Industrial Applicability

本發明實施例公開了一種顯著性檢測方法及其模型的訓練方法、設備及電腦可讀儲存介質，顯著性檢測模型的訓練方法包括：獲取至少一張樣本圖像，其中，至少一張樣本圖像包括屬於預設圖像類型的目標樣本圖像；基於目標樣本圖像中顯著性區域的輪廓缺失情況，對目標樣本圖像進行過濾；利用顯著性檢測模型對經過濾後的樣本圖像進行檢測，得到樣本圖像中關於顯著性區域的預測位置資訊；基於樣本圖像關於顯著性區域的標注位置資訊與預測位置資訊，調整顯著性檢測模型的參數。上述方案，通過對樣本圖像進行篩選再利用篩選後的樣本圖像對顯著性檢測模型進行訓練，能夠提高顯著性檢測模型輸出結果的準確度。 The embodiment of the present invention discloses a saliency detection method and a training method, device and computer-readable storage medium of the model. The training method of the saliency detection model includes: acquiring at least one sample image, wherein at least one sample image The image includes the target sample image belonging to the preset image type; based on the missing contour of the salient region in the target sample image, the target sample image filter the image; use the saliency detection model to detect the filtered sample image to obtain the predicted position information about the salient region in the sample image; based on the marked position information and predicted position information of the salient region in the sample image , adjust the parameters of the saliency detection model. In the above solution, the accuracy of the output result of the saliency detection model can be improved by screening the sample images and then using the filtered sample images to train the saliency detection model.

S11~S14:步驟 S11~S14: Steps

Claims

A training method for a saliency detection model, the method is executed by an electronic device, the method includes: acquiring at least one sample image, wherein the at least one sample image includes a target sample belonging to a preset image type image; filter the target sample image based on the missing outline of the saliency region in the target sample image; use a saliency detection model to detect the filtered sample image to obtain the The predicted position information about the saliency region in the sample image; based on the marked position information about the saliency region in the sample image and the predicted position information, the parameters of the saliency detection model are adjusted; wherein, the Filtering the target sample image based on the missing contour of the salient region in the target sample image includes: filling the contour of the salient region in the target sample image to obtain a filled sample image obtaining the difference with respect to the saliency region in the filling sample image and the target sample image; and filtering the target sample image when the difference meets a preset requirement.

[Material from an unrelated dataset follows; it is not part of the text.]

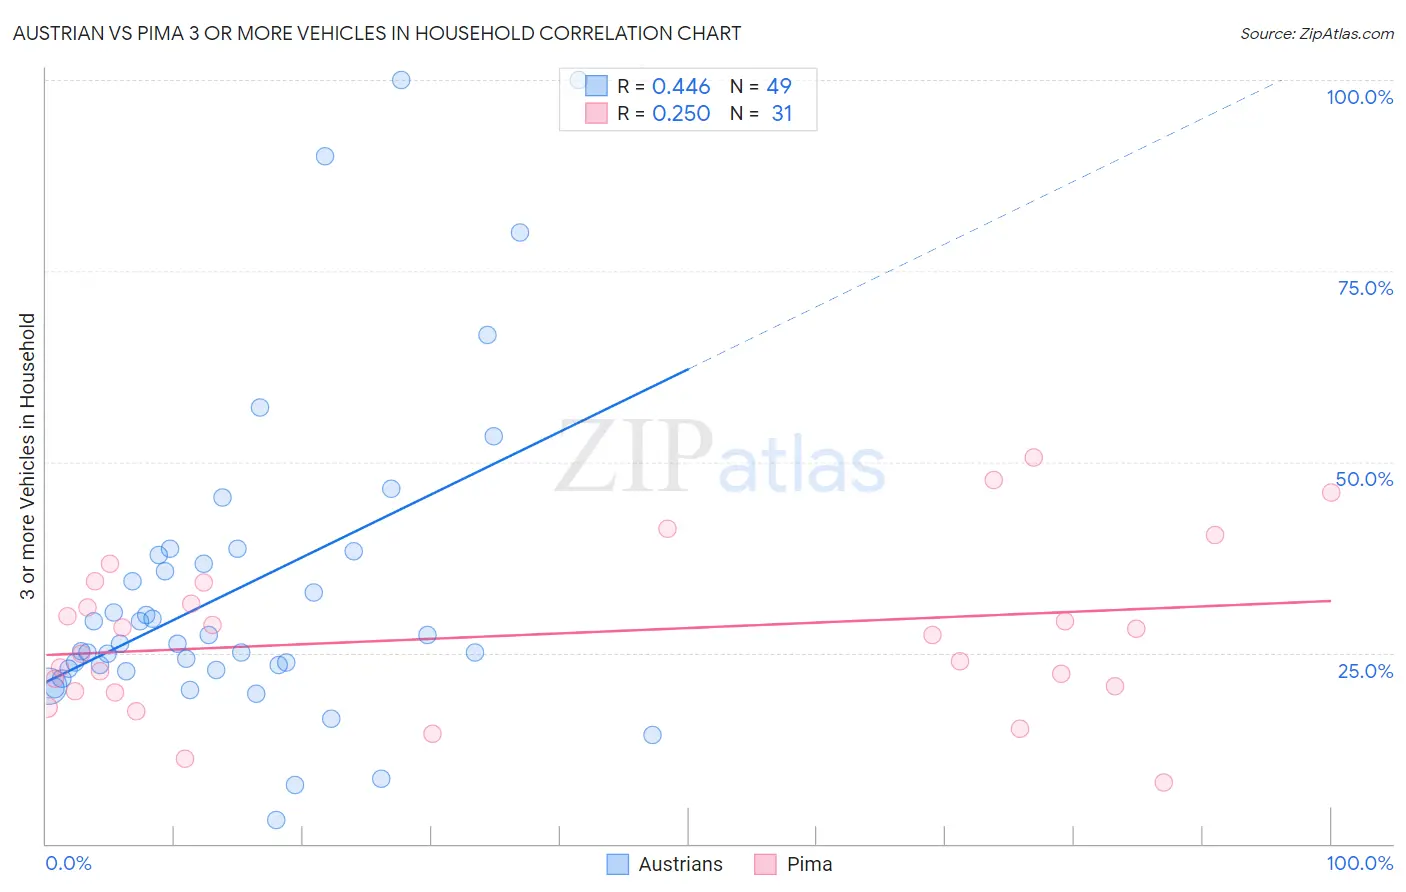 Austrian vs Pima 3 or more Vehicles in Household

The method according to claim 1, wherein the preset requirement is that the difference is greater than a preset difference value; the contour of the salient region in the target sample image is filled to obtain a filled sample image Like, including: Perform a closing operation on the target sample image to obtain the fill-in sample image; the obtaining the difference between the fill-in sample image and the target sample image with respect to the salient region includes: obtaining the saliency region Fill in the first area of the sample image with respect to the saliency region, and the second area of the target sample image with respect to the saliency region; determine the difference between the first area and the second area for the difference.

The method according to claim 2, wherein, after filtering the target sample image based on the absence of contours of salient regions in the target sample image, the method further comprises: based on the Filling in the position information of the salient region of the sample image, to obtain the marked position information of the target sample image with respect to the salient region.

The method of claim 1 or 2, wherein the at least one sample image includes multiple image types.

The method according to claim 4, wherein the multiple image types include at least two of images obtained by photographing real objects, hand-drawn drawings, and cartoon drawings.

The method according to claim 1, wherein the adjusting the parameters of the saliency detection model based on the labeled location information and the predicted location information of the saliency region based on the sample image includes: the labeled position information and the predicted position information of the saliency region of the sample image, and obtain the first loss; weighting the first loss of each primitive in the sample image to obtain the second loss of the sample image; adjusting the parameters of the saliency detection model based on the second loss.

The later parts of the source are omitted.